In a small village in southern Italy, an old goatherd (Fuda) tends to his goats as he struggles with a crippling cough. Perhaps it's because he makes his nightly tea with dust swept from the local church. Meanwhile, his faithful dog tenaciously guards the goats, even from a colourful Easter procession. When one goat gives birth, the kid struggles to take its first steps, but on his first trip out with the flock, he gets lost and takes refuge under a large tree that, in the spring, has a key part to play in village life.

The film's lead role shifts as the narrative continues from the goatherd to the dog, the kid, the tree, a crowd of villagers and finally to the men who run the kiln that turns the tree into charcoal. Clearly there's a circle-of-life theme here, as the events cover a full year in a place where life probably hasn't changed much in hundreds of years.
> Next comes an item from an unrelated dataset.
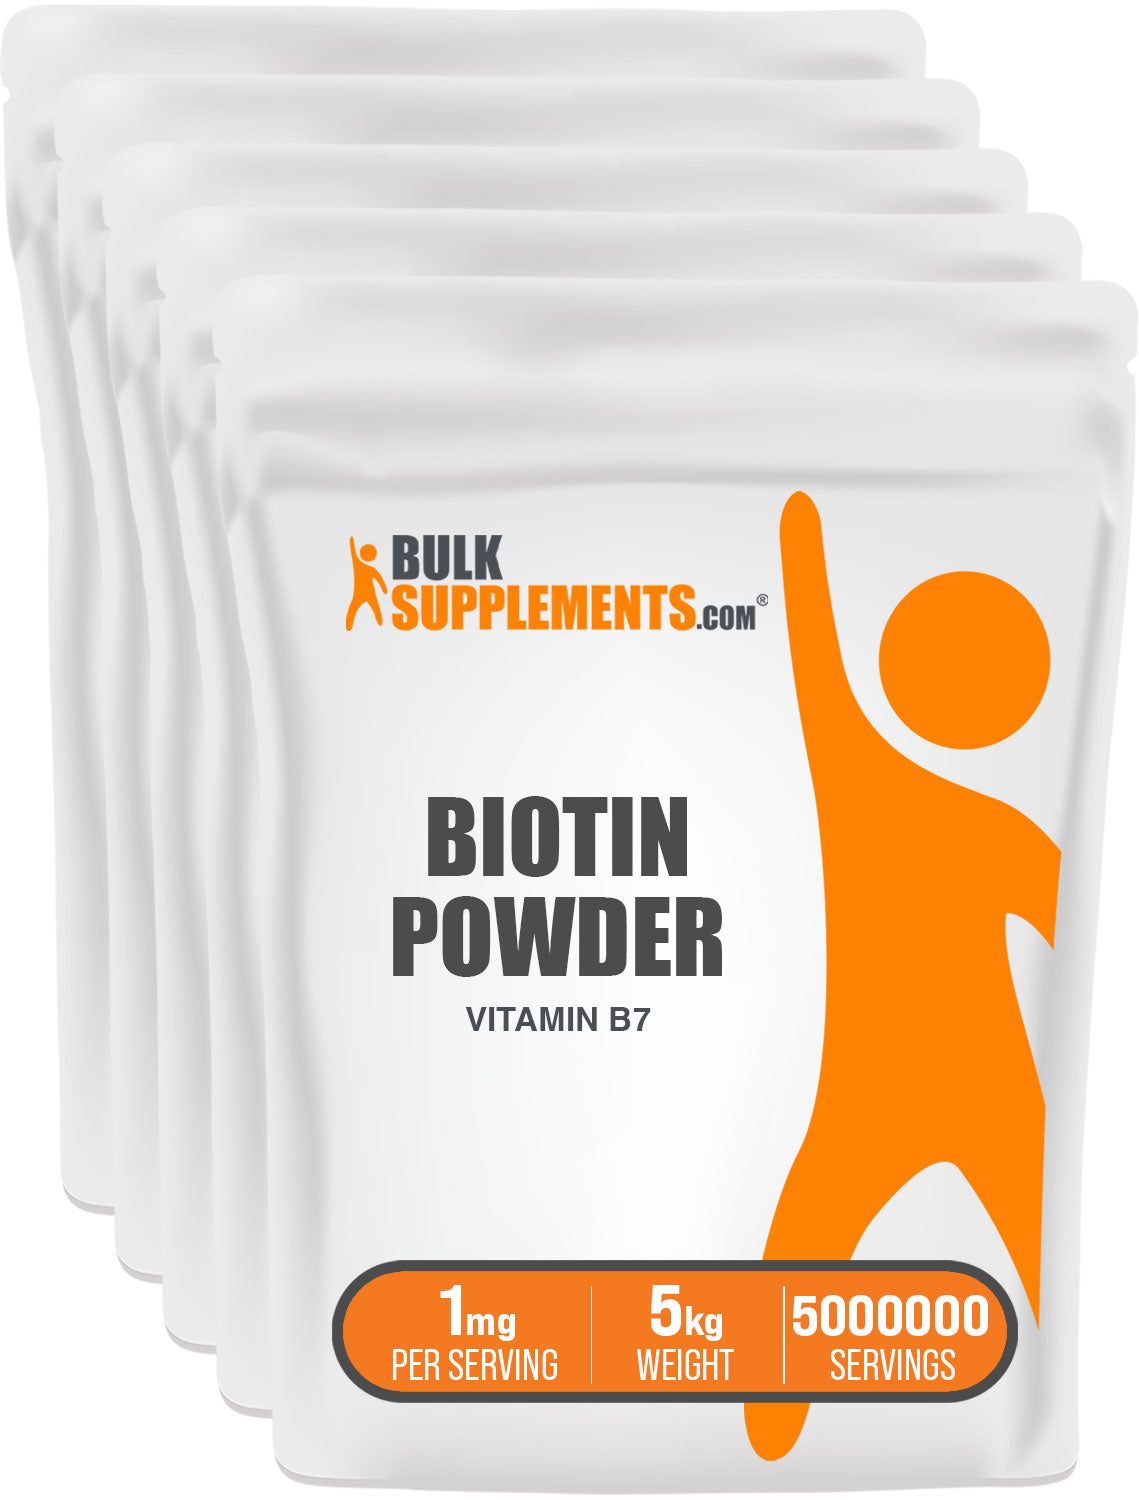 BulkSupplements Biotin Powder Vitamin B7 5kg bags

There are only a few signs of modernity in this place.

Frammartino shoots this with an artist's eye, using striking angles that capture the light, shadows and colours in intriguing ways. Sometimes we're not quite sure what we're looking at, as the camera observes the most minute details of each scene as well as showing us the bigger picture. Some scenes are shot in long, complex takes that are so elaborate it's impossible to know how the filmmaker managed it. And yet the movie has an essential simplicity that's utterly disarming.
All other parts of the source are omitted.